== Segment start ==

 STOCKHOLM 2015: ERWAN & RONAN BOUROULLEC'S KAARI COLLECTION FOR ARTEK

== Segment end ==
== Segment start ==

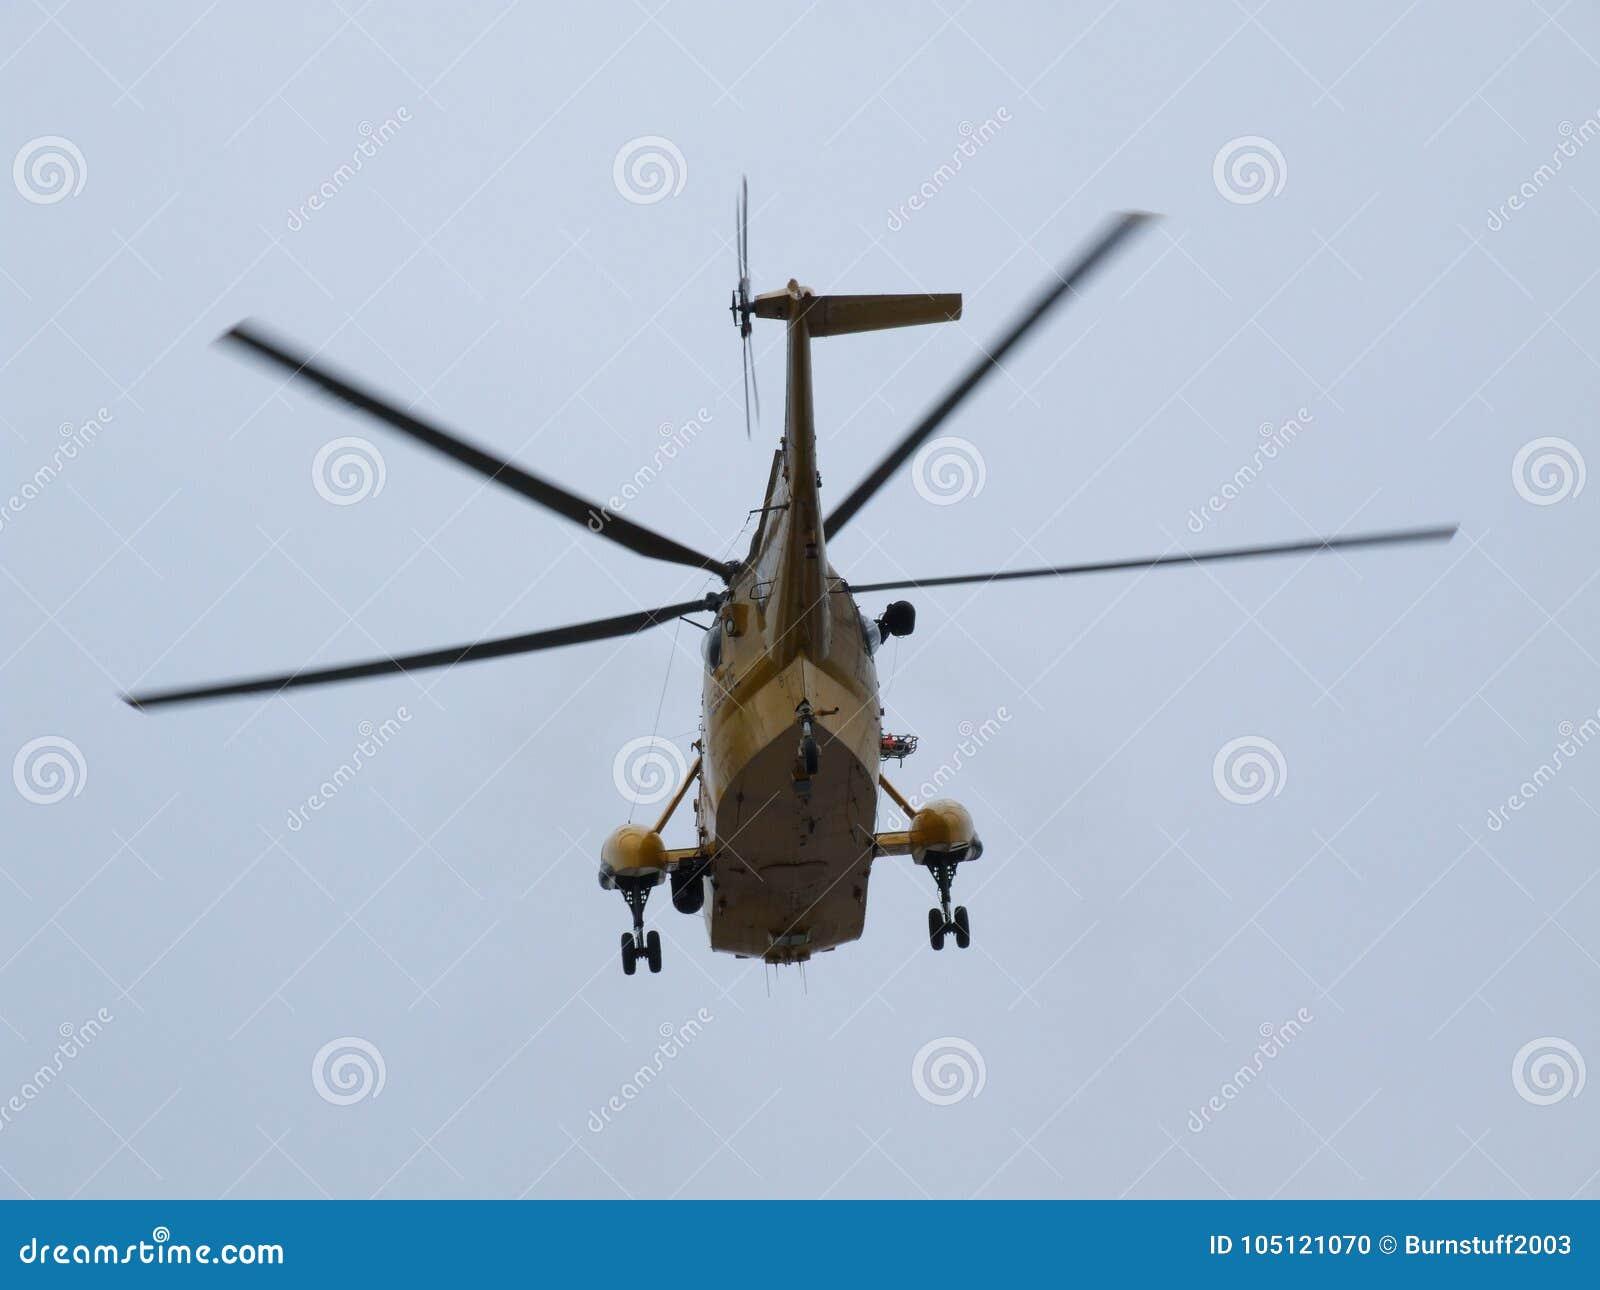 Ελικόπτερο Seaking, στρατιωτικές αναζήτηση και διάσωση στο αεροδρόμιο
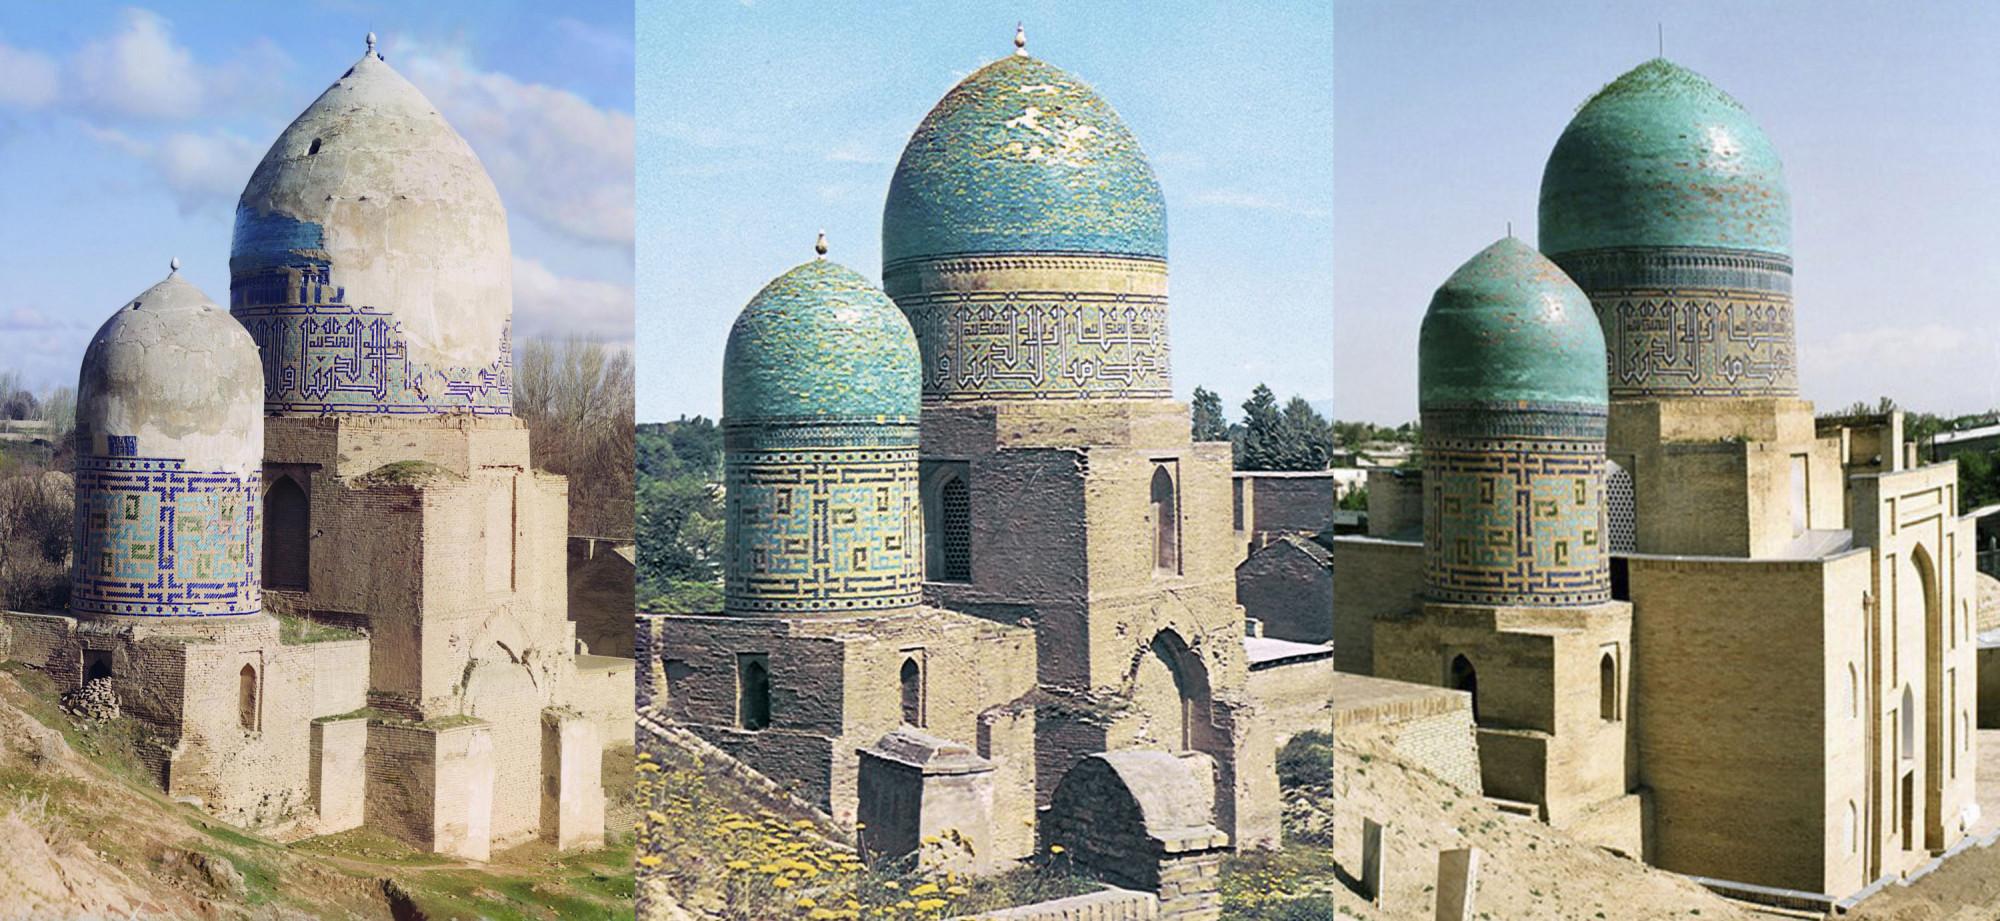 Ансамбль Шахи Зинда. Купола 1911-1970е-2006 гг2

== Segment end ==

WORK INSTRUCTIONS → Going by the data above, give back only the lines from the one containing "Ελικόπτερο Seaking, στρατιωτικές" through the one containing "Ансамбль Шахи Зинда.", exactly as they stand, both ends included and no images.

TASK RESPONSE →
 Ελικόπτερο Seaking, στρατιωτικές αναζήτηση και διάσωση στο αεροδρόμιο
 Ансамбль Шахи Зинда. Купола 1911-1970е-2006 гг2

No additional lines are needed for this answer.